How does the Committee intend to encourage best practice in the industry?

“Our primary approach is the distribution of information on best working practices and technological advances, plus industry surveys. We aim to demonstrate how making ports more sustainable also makes economic sense. Operating efficiently is good for the environment and for business too. To this end, we look among other topics to create discussion on how technological advances can reduce emission levels, and how such an approach can result in reduced fuel costs. As a first project, we will be preparing a neutral white paper on developments in environmental technology for port and terminal operations on a global basis.”

What are the top environmental challenges facing port operators and port equipment manufacturers?

“The key issue we encounter is emission reduction – this is something that generates concern, and interest, across the industry. It’s also an area where there has been steady progress for a number of years,” Johansson says. He also adds that reducing noise pollution, using fewer materials and equipment that requires less maintenance, for example systems that require less lubricants, are also ways in which ports can reduce environmental impact.

What sort of obstacles might the Committee face?

“New technologies and new equipment require investment. As an industry, we have to make the case for an investment that may not deliver a return before the medium- and long-term.”

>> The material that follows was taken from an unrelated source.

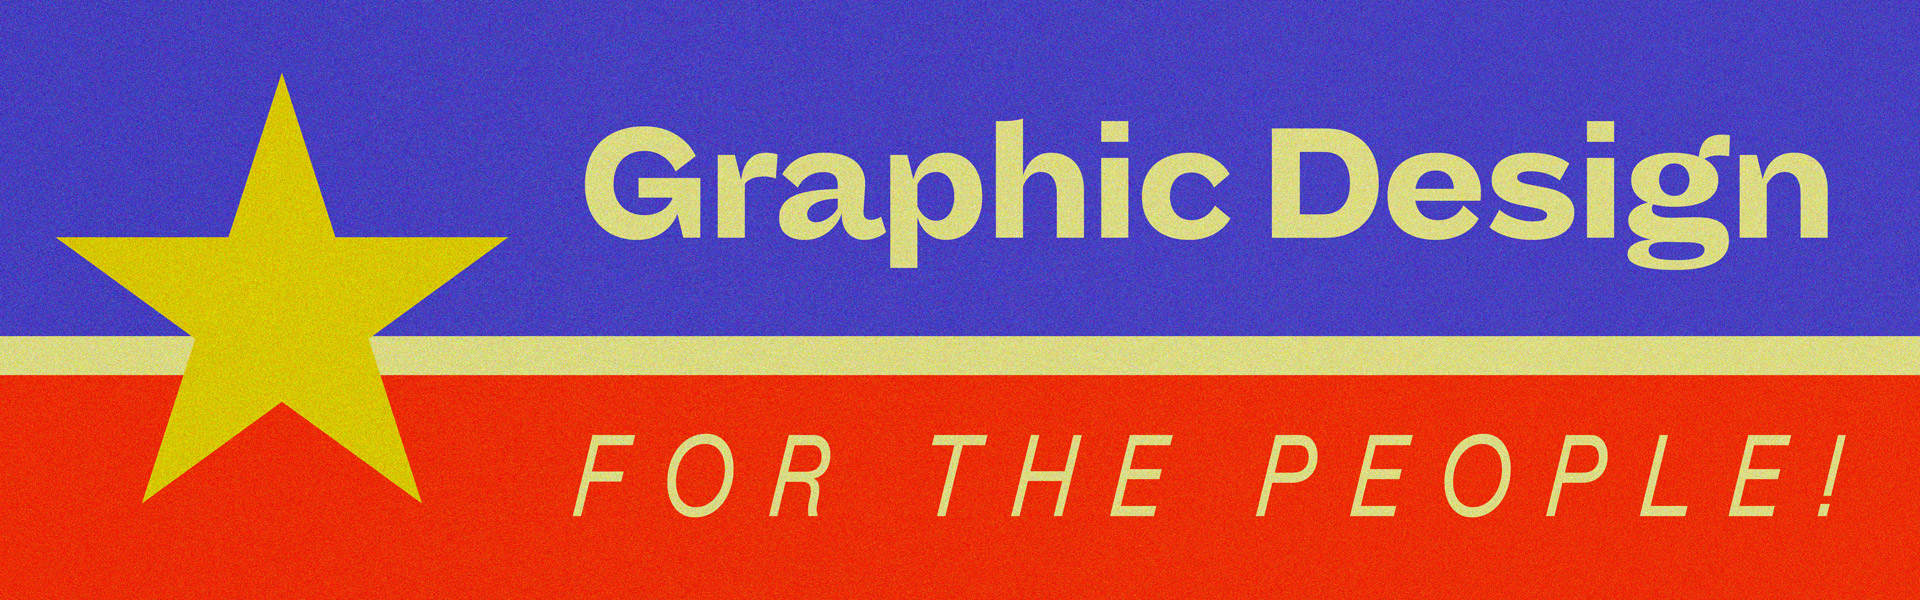 graphic design for the people!

In what ways is the Committee unique?

“Prior to the formation of PEMA, the port equipment and technology sectors had no neutral platform or voice to address matters of general concern and interest to our industry and our customers. We now have this forum. The Environment Committee represents the first time that a variety of individual suppliers have agreed to come together to exchange views and experiences, pool and share knowledge on behalf of our industry as a whole, and build a neutral dialogue with the key stakeholders.”